Gericht OLG Brandenburg 4. Senat für Familiensachen Entscheidungsdatum 16.07.2024
Aktenzeichen 13 UF 71/24 ECLI ECLI:DE:OLGBB:2024:0716.13UF71.24.00
Dokumententyp Beschluss Verfahrensgang -
Normen

Tenor

1. Die Beschwerde des Antragsgegners gegen den Beschluss des Amtsgerichts N... vom 08.03.2024 - 21 F 13/24 - wird zurückgewiesen.

2. Der Antragsgegner hat die Kosten seines Rechtsmittels zu tragen.

3. Der Wert des Beschwerdegegenstands wird auf 4.000 € festgesetzt.

Gründe

I.

Der Antragsgegner wendet sich gegen die Übertragung des Aufenthaltsbestimmungsrechts für seine beiden Töchter auf deren Mutter, die Antragstellerin, allein.

Seit der Trennung ihrer - für beide Kinder gemeinsam sorgeberechtigten - Eltern im Januar 2023 leben die beiden Mädchen im Haushalt der Mutter. R… hat keinen, A… sporadischen Kontakt zum Vater.

Nachdem die Antragstellerin den Antragsgegner vorgerichtlich vergeblich um Zustimmung zu einem beabsichtigten Umzug der beiden Mädchen mit ihr nach H… / B… zum Ende des Schuljahrs 2024 gebeten hat, hat sie mit verfahrenseinleitendem Antrag vom 16.01.2024 (Bl. 1) die Übertragung des Aufenthaltsbestimmungsrechts auf sich allein geltend gemacht. Sie wolle in die Nähe ihres neuen Lebenspartners ziehen, habe in H… Aussicht auf Wohnraum und Arbeit, und die beiden Mädchen hätten signalisiert, gerne mit ihr nach dorthin umziehen zu wollen.

Der Antragsgegner ist dem mit Schriftsatz vom 20.02.2024 (Bl. 19) entgegen getreten. Mit dem beabsichtigten Umzug würde sein und der Kinder Wohnort rund 170 km auseinander liegen, was gegenseitige Besuche erheblich erschweren und zu einer Entfremdung zwischen ihm und den Kindern führen würde. Auch werde sich der Schulwechsel und die Entwurzelung der Mädchen aus ihrem gewohnten Umfeld in N… nachteilig auf ihr Wohl auswirken.

Das Amtsgericht hat den beiden Mädchen eine Verfahrensbeiständin bestellt und sie in deren Anwesenheit am 29.02.2024 persönlich angehört.
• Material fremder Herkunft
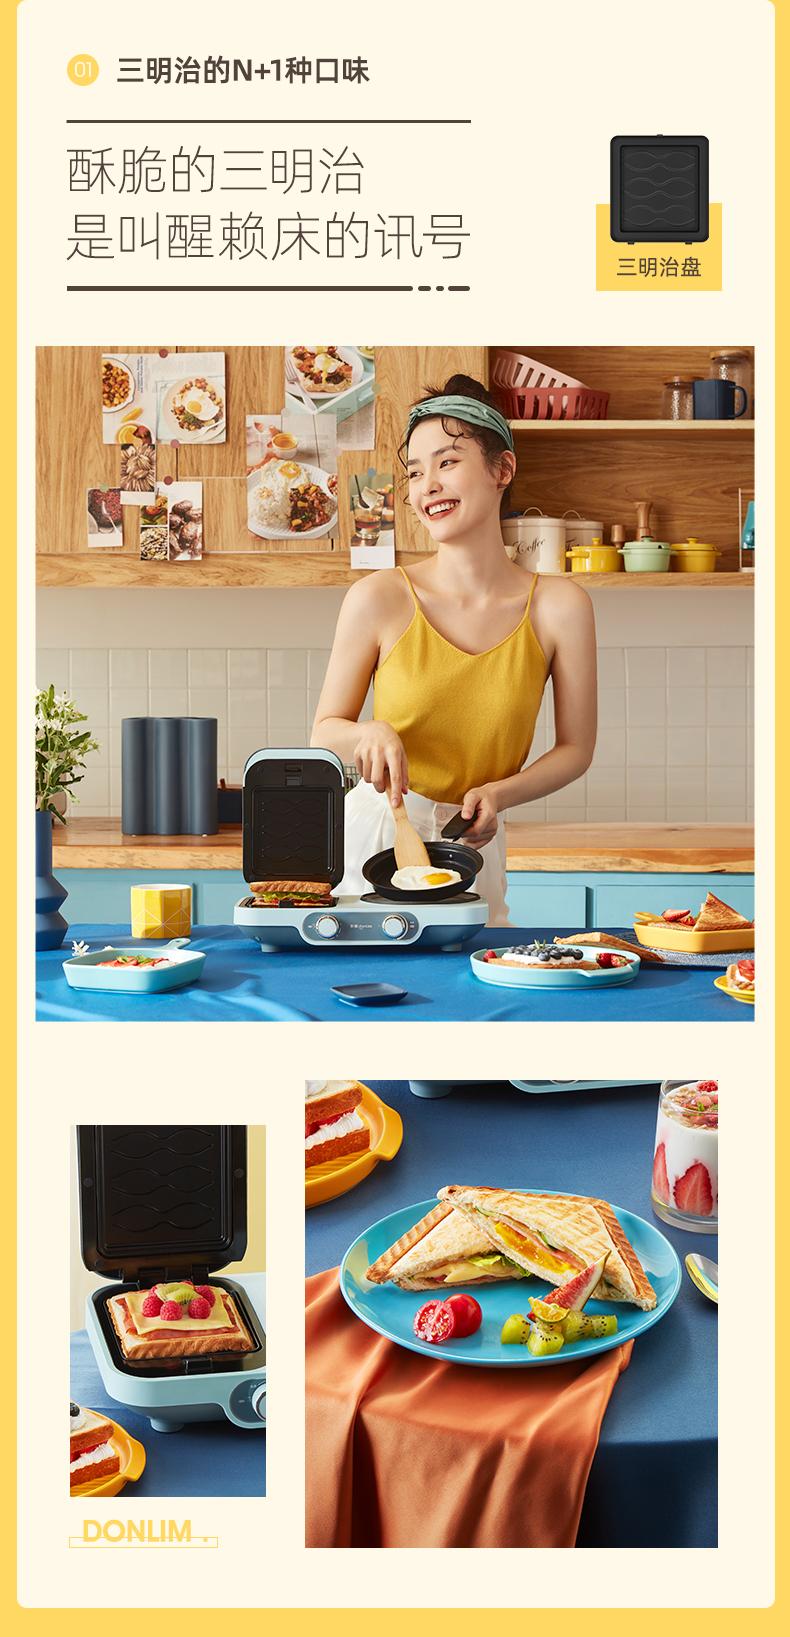 东菱早餐机多功能三明治机家用四合一小型华夫饼轻食机烤麵包神器详细照片

Wegen des Inhalts der Anhörung wird auf den Vermerk vom selben Tag (Bl. 31) verwiesen.

Durch die angefochtene Entscheidung vom 08.03.2024 (Bl. 36) hat das Amtsgericht - der Empfehlung der Verfahrensbeiständin in ihrer schriftlichen Stellungnahme vom 19.02.2024 (Bl. 15), die sie im Anhörungstermin der erwachsenen Verfahrensbeteiligten und des Jugendamts vom 21.02.2024 (Bl. 24) vertieft hat, folgend, die gemeinsame elterliche Sorge der Eltern in Ansehung des Aufenthaltsbestimmungsrechts für die beiden Mädchen aufgehoben und auf die Mutter allein übertragen. Angesichts des tiefgreifenden Dissenses der Eltern betreffend den Lebensmittelpunkt der beiden Mädchen sei die Aufhebung der gemeinsamen elterlichen Sorge insoweit erforderlich. Da die Mädchen seit der Trennung ausschließlich in der Obhut der Antragstellerin lebten, keinen oder kaum Kontakt zum Antragsgegner pflegten, diesen auch - wie beide in ihrer persönlichen Anhörung mitgeteilt hätten - nicht zu treffen wünschten, und überdies den Wunsch geäußert hätten, mit der Mutter nach H... umzuziehen, diene die Übertragung des Aufenthaltsbestimmungsrechts auf die Mutter allein dem Kindeswohl am besten.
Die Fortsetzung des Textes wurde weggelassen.